Stored data

■ ■ ■ ■ ■ ■ ■

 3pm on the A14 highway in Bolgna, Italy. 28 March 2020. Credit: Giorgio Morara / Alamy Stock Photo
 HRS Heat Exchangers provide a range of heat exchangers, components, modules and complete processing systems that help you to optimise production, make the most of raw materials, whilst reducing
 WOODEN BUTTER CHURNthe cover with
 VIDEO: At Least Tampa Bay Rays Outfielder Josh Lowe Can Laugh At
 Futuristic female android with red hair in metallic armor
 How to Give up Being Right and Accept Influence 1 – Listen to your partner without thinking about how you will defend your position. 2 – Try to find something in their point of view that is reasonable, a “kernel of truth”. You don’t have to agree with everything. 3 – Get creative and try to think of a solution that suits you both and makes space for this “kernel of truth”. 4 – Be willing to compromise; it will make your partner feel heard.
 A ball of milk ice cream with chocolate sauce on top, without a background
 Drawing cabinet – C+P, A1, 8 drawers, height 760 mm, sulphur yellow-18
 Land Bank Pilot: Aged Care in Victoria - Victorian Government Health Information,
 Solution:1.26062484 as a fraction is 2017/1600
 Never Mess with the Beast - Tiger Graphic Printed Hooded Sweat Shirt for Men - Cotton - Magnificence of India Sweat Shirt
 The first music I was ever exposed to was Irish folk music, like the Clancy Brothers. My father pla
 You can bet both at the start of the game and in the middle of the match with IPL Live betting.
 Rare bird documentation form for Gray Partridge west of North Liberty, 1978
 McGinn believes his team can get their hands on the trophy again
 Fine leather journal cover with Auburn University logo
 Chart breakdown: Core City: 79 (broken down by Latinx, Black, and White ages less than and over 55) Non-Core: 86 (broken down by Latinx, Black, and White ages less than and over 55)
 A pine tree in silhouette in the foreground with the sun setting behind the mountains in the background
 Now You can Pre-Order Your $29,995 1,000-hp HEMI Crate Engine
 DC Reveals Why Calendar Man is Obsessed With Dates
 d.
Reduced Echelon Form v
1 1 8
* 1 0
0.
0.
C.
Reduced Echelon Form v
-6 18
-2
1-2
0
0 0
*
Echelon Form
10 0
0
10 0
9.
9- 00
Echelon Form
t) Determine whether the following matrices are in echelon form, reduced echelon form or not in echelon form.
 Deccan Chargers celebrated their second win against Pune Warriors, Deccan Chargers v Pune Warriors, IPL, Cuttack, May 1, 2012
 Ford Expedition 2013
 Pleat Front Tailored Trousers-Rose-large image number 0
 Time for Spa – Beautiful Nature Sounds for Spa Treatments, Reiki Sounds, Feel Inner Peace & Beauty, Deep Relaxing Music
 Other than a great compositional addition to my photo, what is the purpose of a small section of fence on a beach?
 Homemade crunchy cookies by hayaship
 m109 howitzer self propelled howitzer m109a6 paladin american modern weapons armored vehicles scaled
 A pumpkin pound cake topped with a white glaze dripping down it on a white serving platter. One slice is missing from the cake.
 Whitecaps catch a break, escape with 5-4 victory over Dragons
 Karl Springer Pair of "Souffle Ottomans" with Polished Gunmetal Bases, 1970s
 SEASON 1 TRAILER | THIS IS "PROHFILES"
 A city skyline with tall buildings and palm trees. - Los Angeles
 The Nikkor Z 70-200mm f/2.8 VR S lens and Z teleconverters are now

■ ■ ■ ■ ■ ■ ■

**Activity:**
Each line in the entries above, starting at the line with "Pleat Front Tailored" and ending at the line with "Homemade crunchy cookies by hayaship", is to be printed exactly, and only those lines.

**Response to the exercise:**
 Pleat Front Tailored Trousers-Rose-large image number 0
 Time for Spa – Beautiful Nature Sounds for Spa Treatments, Reiki Sounds, Feel Inner Peace & Beauty, Deep Relaxing Music
 Other than a great compositional addition to my photo, what is the purpose of a small section of fence on a beach?
 Homemade crunchy cookies by hayaship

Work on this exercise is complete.